The Yankees were clearly ready to close “The Binder” – the sardonic nickname Girardi detractors gave to the straight-laced manager who was frequently seen scratching his grey crewcut as he rifled through three-ring binders of statistics to determine an optimal matchup.
So, whom did the Yankees tap to be their next manager? Here’s a basic sketch of the credentials you’d expect Girardi’s successor to possess:
- Former major-league player
- World Series champion
- Professional scout
- Minor-league coach or manager
- Major-league coach or manager
Aaron Boone checks just one of those boxes – the first. Best known for a series-deciding walk-off home run in the 11th inning to prolong the Red Sox’s World Series “curse,” Boone was a solid, but unspectacular, ballplayer. He has one All-Star appearance on his resume but nothing else that really jumps off the back of his baseball card. Boone’s remained close to the game in his retirement – but as a color commentator on ESPN’s Sunday Night Baseball for the last two years. More importantly, he has no coaching or managerial experience of which to speak. Talk about jumping into the deep end of the pool!
Just as any other business hiring for an important role, the Yankees had a list of prerequisite competencies that a manager needs to display, and they believed Boone, 44, can embody their ideals more than Girardi. Instead of viewing one’s prior managerial experience as the be-all and end-all, the Yankees looked at how one’s personality fits in the role of manager.
Like several other franchises making managerial hires this off-season, they are viewing the position as a middle manager. As General Managers begin to wield more power across the baseball landscape when it comes to roster construction and analytics-heavy decision making, an on-field manager’s role is changing. Now, he has to be a deft communicator and effective liaison between management, players, and the media.
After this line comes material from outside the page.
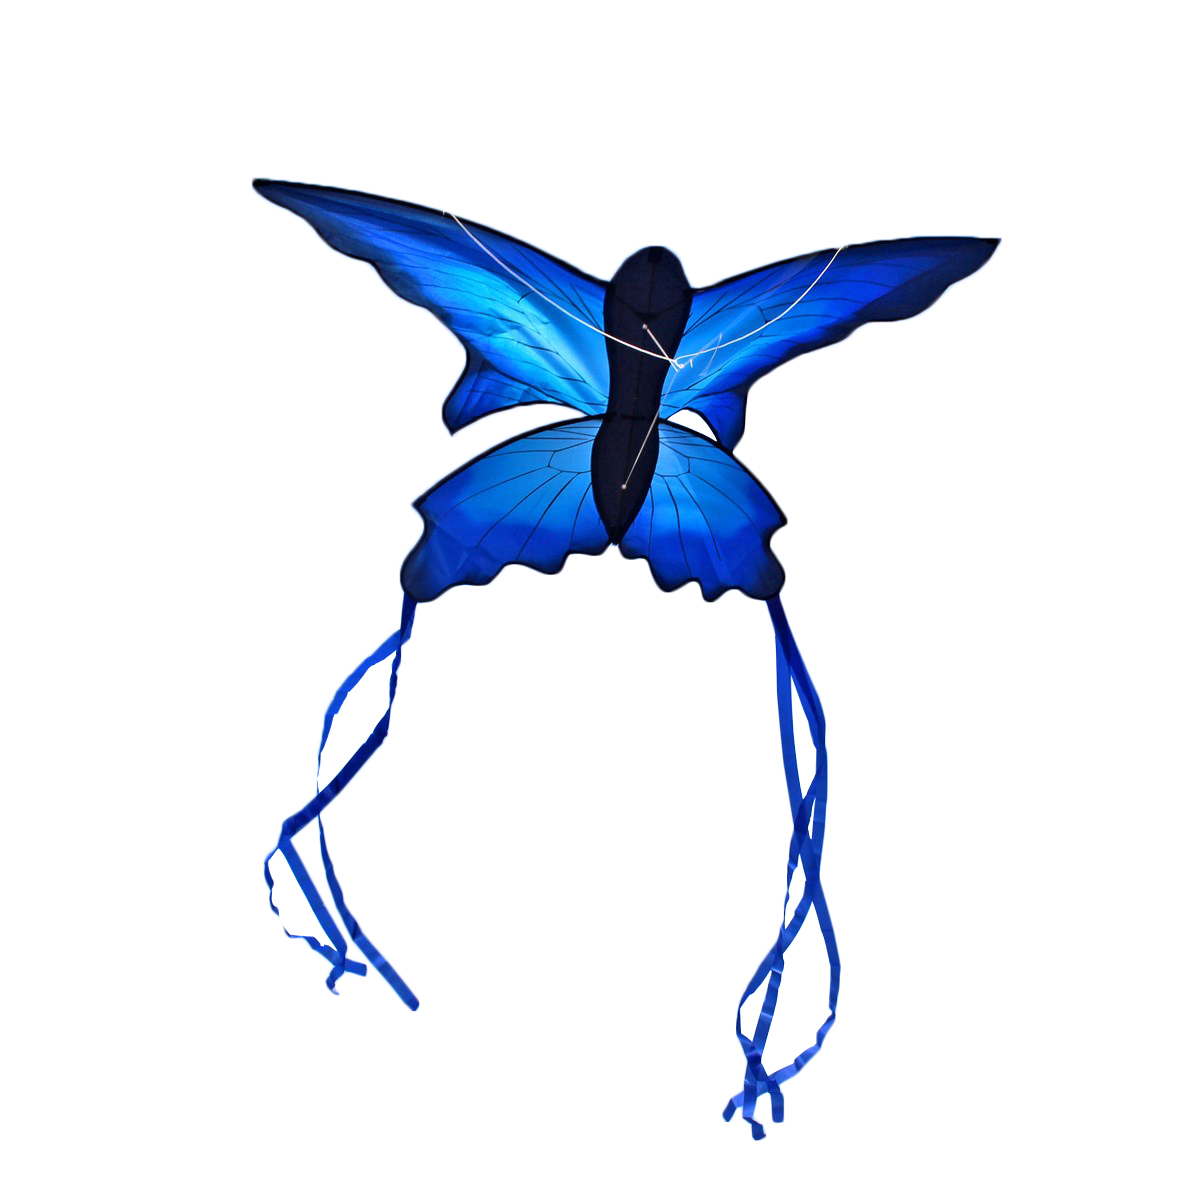 

70x150cm Blue Beautiful Butterfly Kite На открытом воздухе Веселая спортивная летная игрушка с 30-миллиметровой панелью управления и линией

The word being used over and over again by those hiring managers this off-season is “collaborator.” They aren’t looking for a field general so much as they want someone who can explain team policy to players and serve as a sounding board to young, impressionable athletes.
The Yankees, at their core, did what Caliper suggests to its clients:
- Contextualize a position
- Determine the job family in which it resides
- Pinpoint the competencies and must-haves for those serving in the role
In the case of the Yankees’ manager, they wanted someone with – as GM Brian Cashman stated – “an astute mind for the game, a progressive approach to evolving strategies, interpersonal skills, and baseball pedigree.” When viewing Aaron Boone in the context of those parameters, he does indeed check all the boxes.
Without prior managerial experience, though, Boone is entering a modern-day wilderness. Perhaps he will need to tap into some of the folklore surrounding his pioneer ancestor, Daniel Boone (true story!), who fought hand-to-paw with a bear (embellished story!). To survive as the Yankees’ manager, he may well need to utilize that pioneering spirit.